Did The Fed Quietly Bail Out A Bank On Tuesday?


17 December, 2011


Over the past month we have been closely documenting a major funding squeeze in the all important shadow economy - the "synthetic liquidity" conduit which far more than traditional sources of cash, has become all important for proper bank functioning over the past decade.

Courtesy of adverse development in Europe, one by one various components of this unregulated funding scheme have become frozen necessitating the first of many central bank interventions on November 30 to provide liquidity to global banks, primarily to offset such shadow conduits as locked up commercial paper, repo and money markets. 

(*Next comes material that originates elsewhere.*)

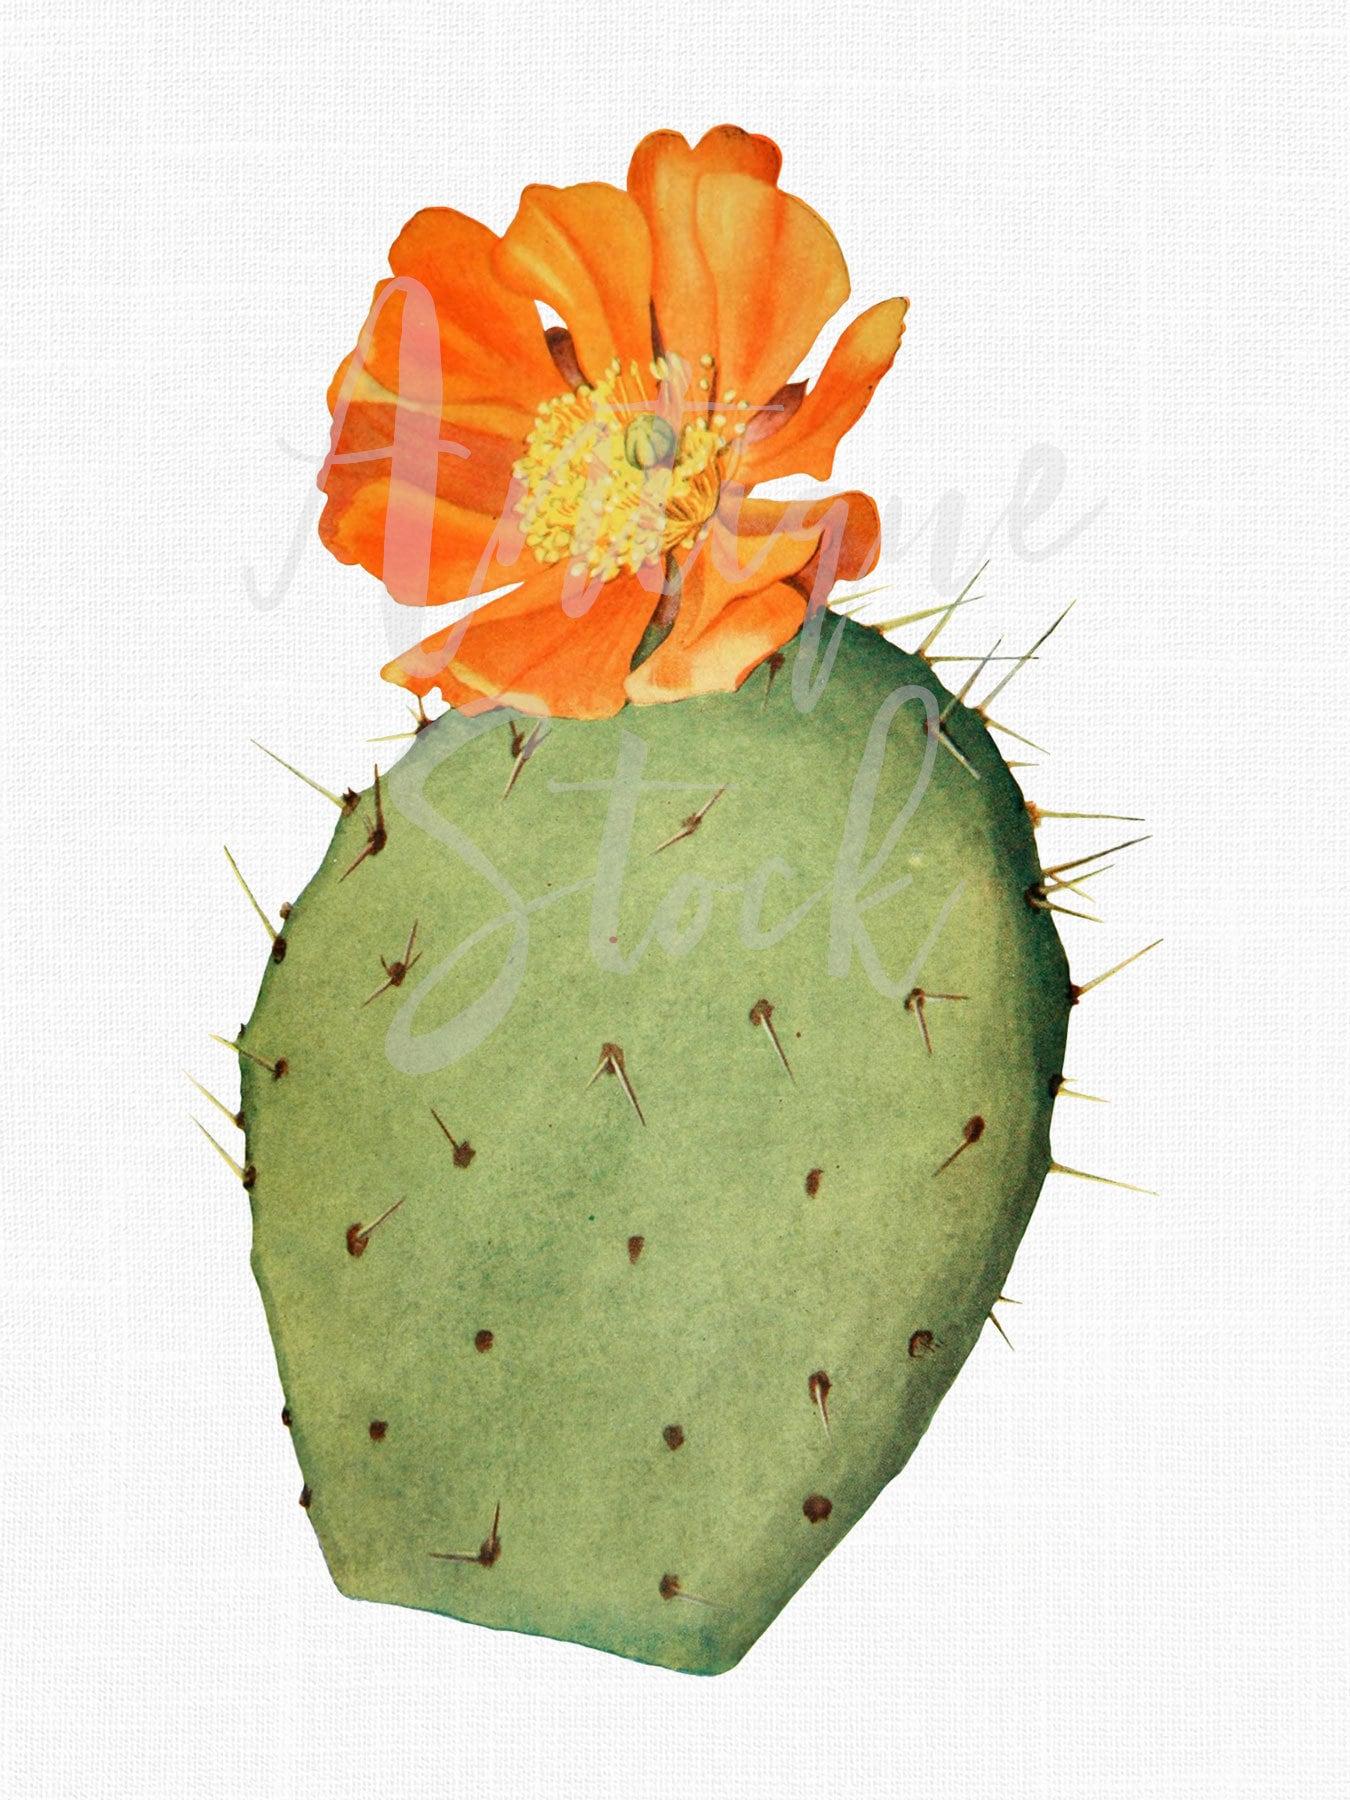 Cactus Clip Art Nopal De Cerro Old Printable Etsy Botanical Tree Ring Diagram Vintageprintable Zoom
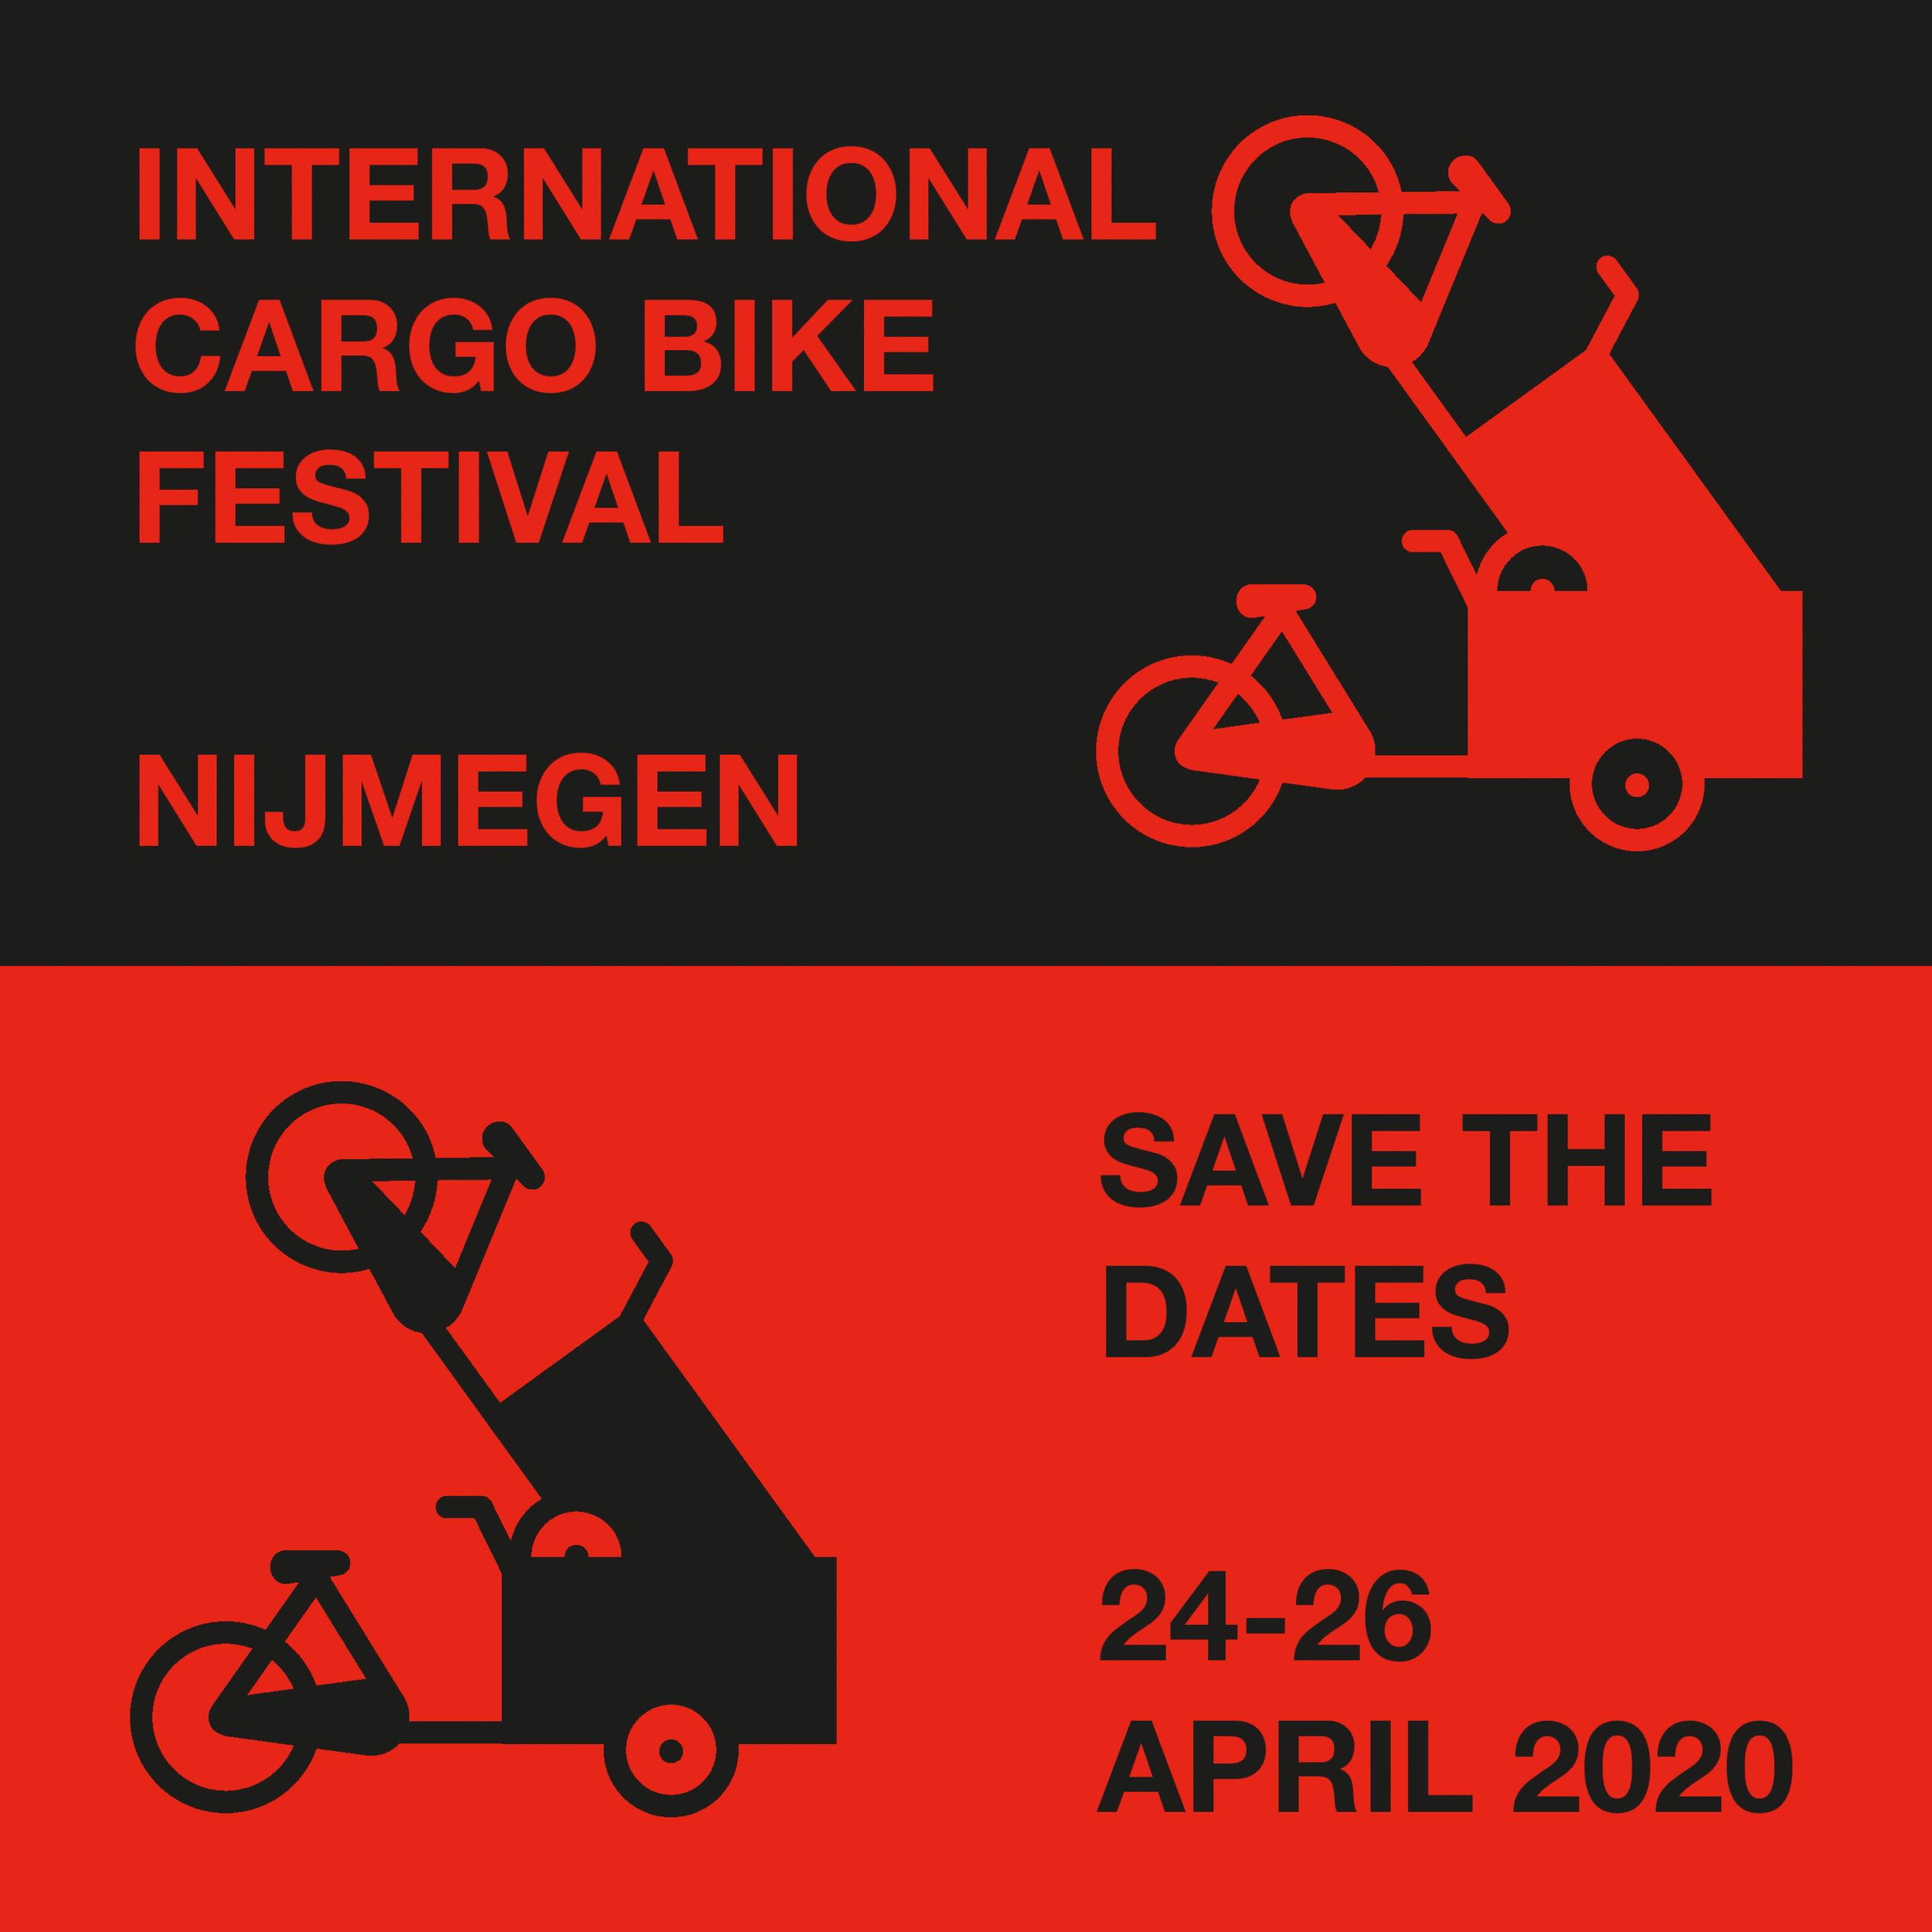 International Cargo Bike Festival

Logically, as noted over a week ago, European banks scrambled to obtain cheap dollars by borrowing over $50 billion from the Fed, and plug dollar shortfalls. Yet as all band aid measures designed to offset a broken liquidity equilibrium fail eventually, 

it was only a matter of time before we saw a direct bail out by the Fed of one or more banks in the aftermath of the November 30 global "bail out." 

Sure enough, we have our first clue that "something" happened in the week ending Wednesday December 14 that involved an upgrade of the Fed's indirect (and thus untargeted) bailout of global banks, to a focused, and very much targeted rescue of one (or more) banks. 

And with some additional diligence, it may be possible to narrow down the date of an actual bank bailout: Tuesday, December 13.